3   CLASS OVER

Everything was slipping away for Tim Fletcher. Of course, it didn’t seem that way on the outside. He was the captain of the football team. The players followed him around like dumb animals and did his bidding. And the girls, well. Duh. He could pick anyone, and so he picked Mary Clark, because she was Mary Clark, perfection, a female version of Tim. Tim’s father owned a bank, so they were rich. They belonged to the best country club. Everything was exactly as it should be. Exactly as it had always been. He was a walking cliché, and fucking proud of it.

And yet …

He could feel it. He wasn’t smart, not like the nerds with their faces in books, but he wasn’t dumb either. He had inherited a Waspy understanding of power.

He could feel the power shifting. In his dad’s day, you’d graduate, play ball in college, inherit your dad’s bank, and marry a girl that looked like mom. The nerds would become your doctors and lawyers and accountants. They’d do well, but not too well. You would chat with them as they did your books or listened to your lungs, and then they’d go home to the suburbs and you’d hit the links at Oak Haven.

But now, his dad’s finances were hurting. Generations of alcoholism and mistresses had shrunk the family fortune, and they were riding on fumes. His parents kept up appearances, but through the walls he heard them fighting. At school, he was still king. Yet he saw the world change around him. At home in Austin. In Silicon Valley. The same kind of kids he dominated at Turner High were squeezing his dad’s bank with apps made in college dorm rooms. The old ways weren’t working anymore. Everything was disrupted. Where the hell did that leave him?

He watched Mary do her homework. She didn’t know he checked her phone when she wasn’t there. Why the hell was she googling Charlie Lake, that loser? They hadn’t been on student council together in years, since he flamed out. Even still, Tim had always viewed their friendship warily.

“You have nothing to worry about,” Mary would say, putting a carefully manicured hand on each of his broad shoulders. “I’m with you.”

So what was she doing now?

What Tim wanted, no, needed, was control.

He slid the silver box across the table to Mary.

“What’s this?”

“Open it.”

She laughed nervously and untied the red bow.

Inside was a rose-gold bracelet. It cost a small fortune.

“Put it on.”

“Tim, this is crazy. It’s not even our—”

“Put it on.” His voice was a little less warm.
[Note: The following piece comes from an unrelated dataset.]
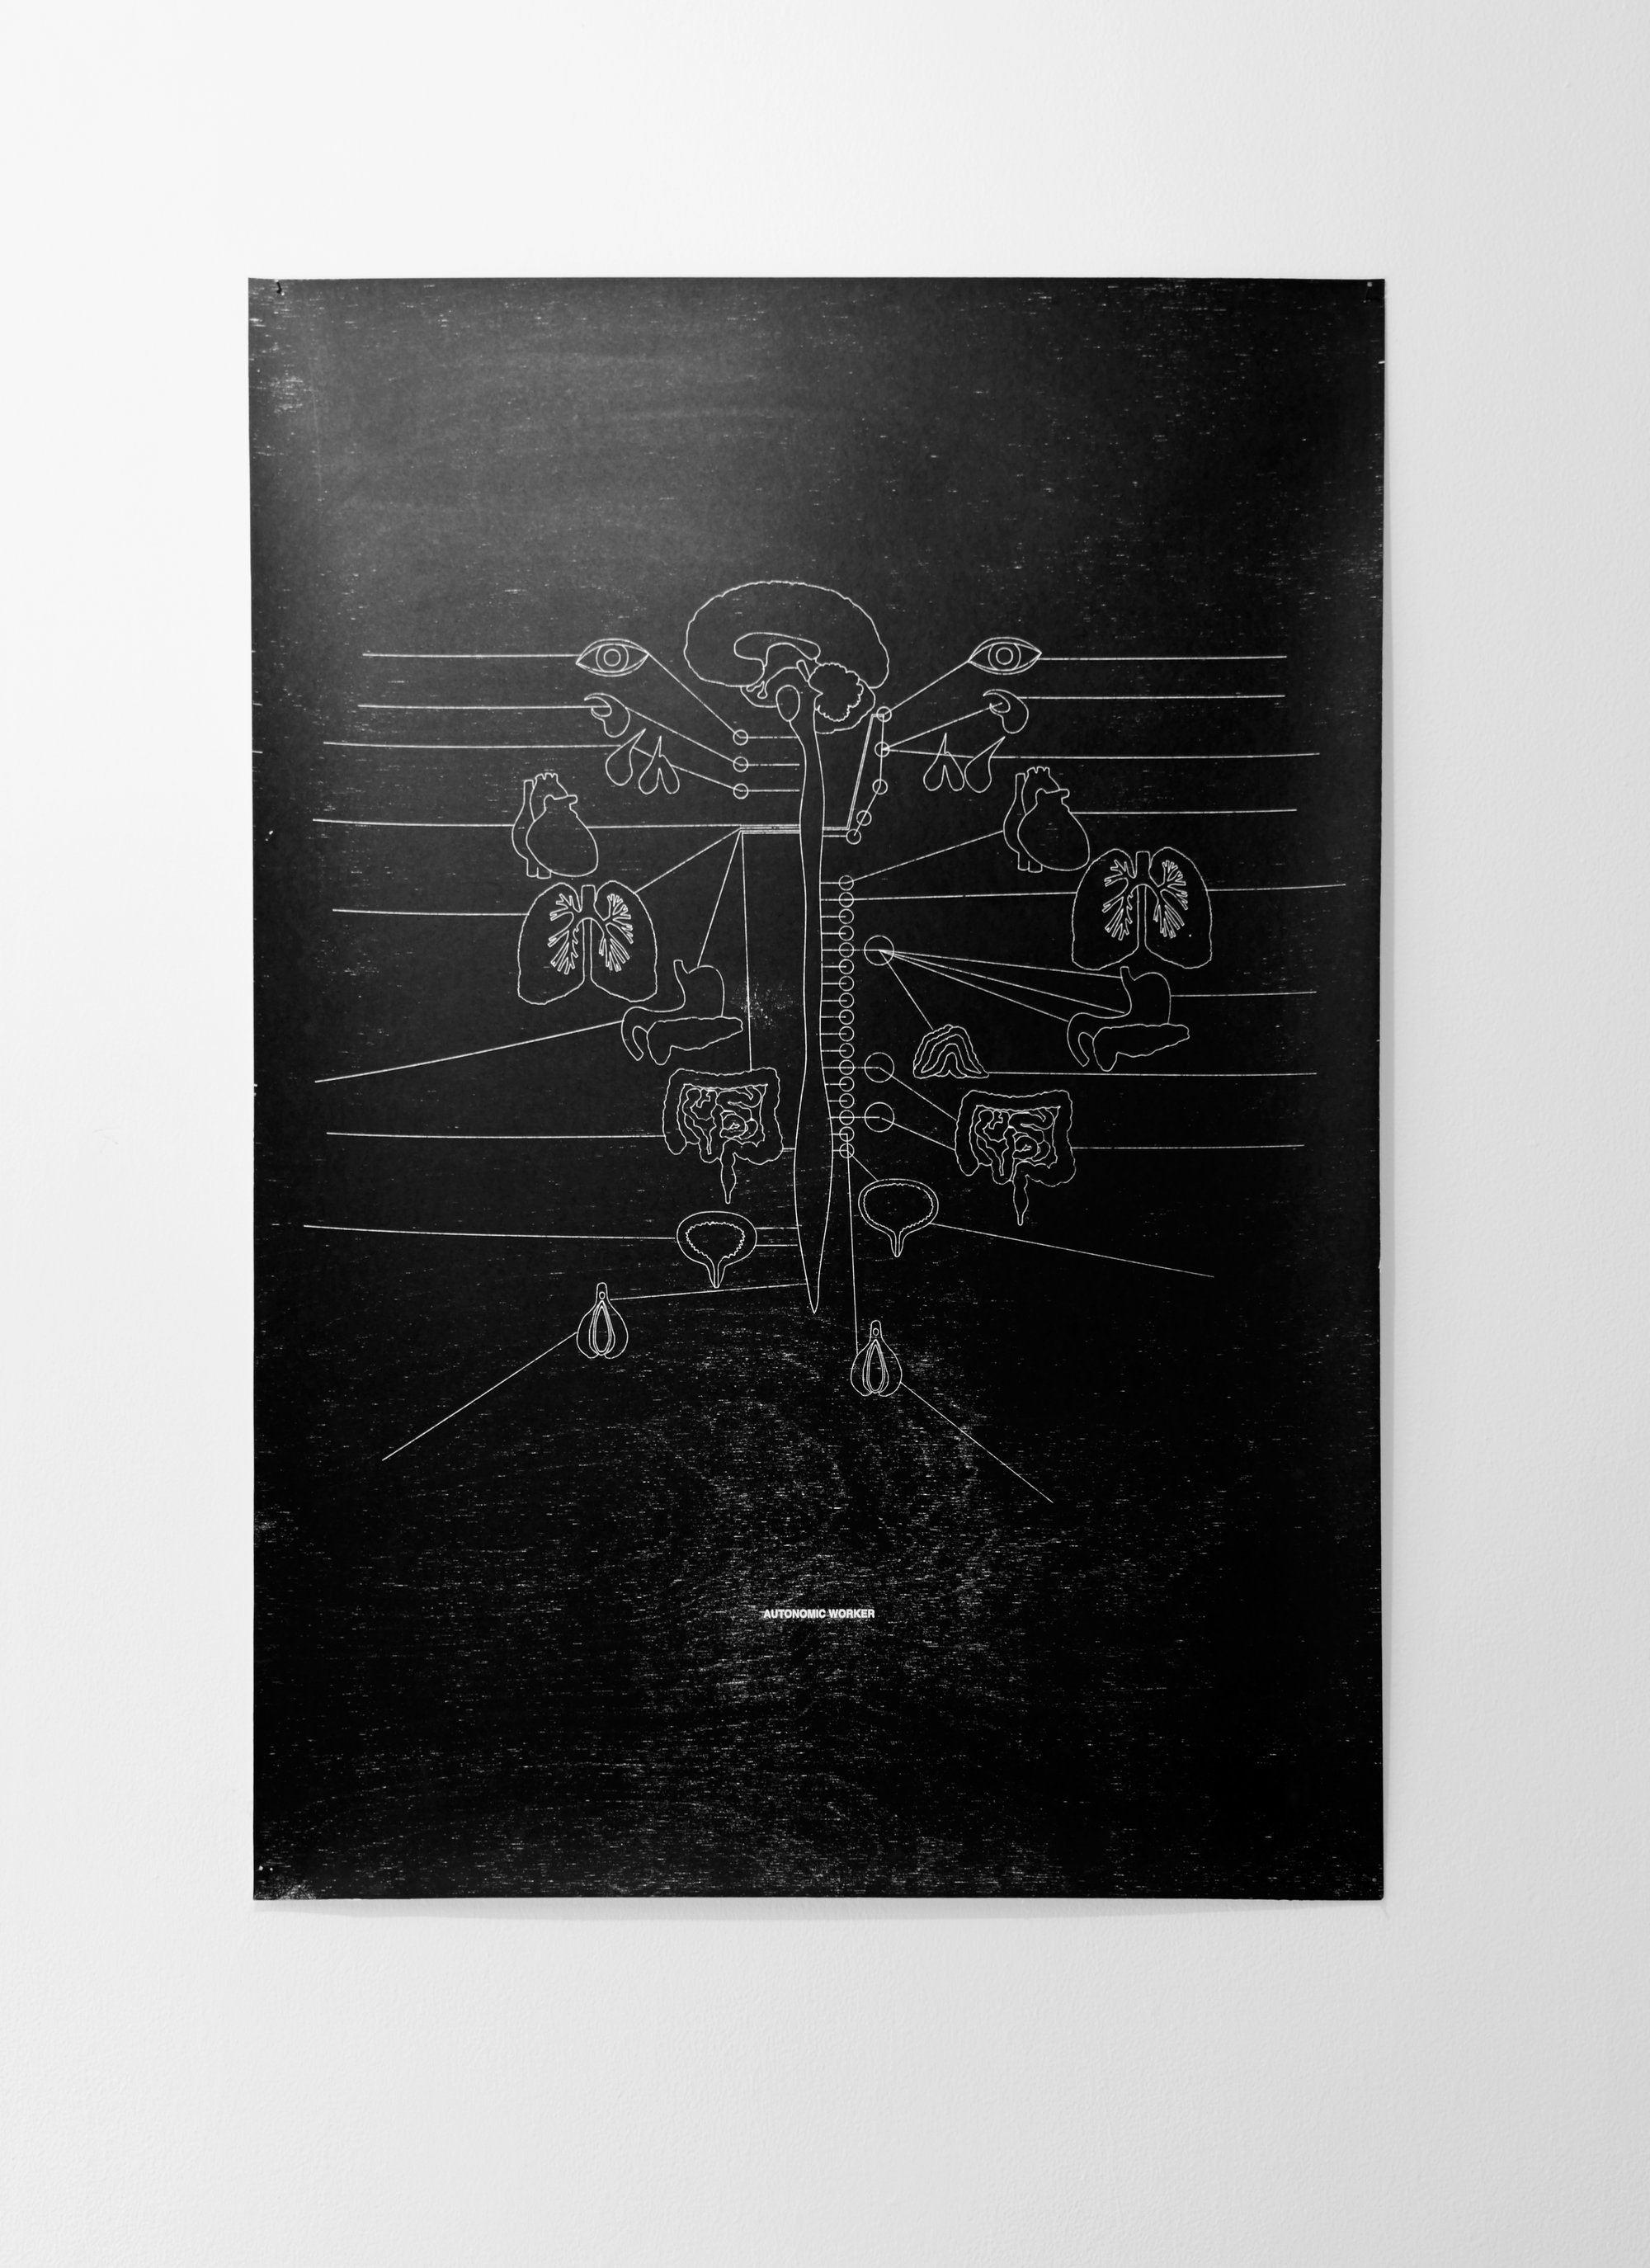 Sidsel Meineche Hansen, Autonomic Worker, laser woodcut on paper, mounted on aluminium under museum glass, 101.3 x 70.7 cm, 2013/2016

Mary tried to clasp the bracelet around her wrist, but her fingers shook a little.

“Let me.” His thumb dug a little into the space under the bone in her delicate wrist.

She winced.

“Sorry.” Tim held has palms up to her, open. “Big hands.” As the bell rang, he smiled broadly and stood up. “It looks great on you.”

He walked to the door, past the STD poster showing how sex with one person was really sex with everyone. “You’ll always be mine.” He gave her his handsomest grin.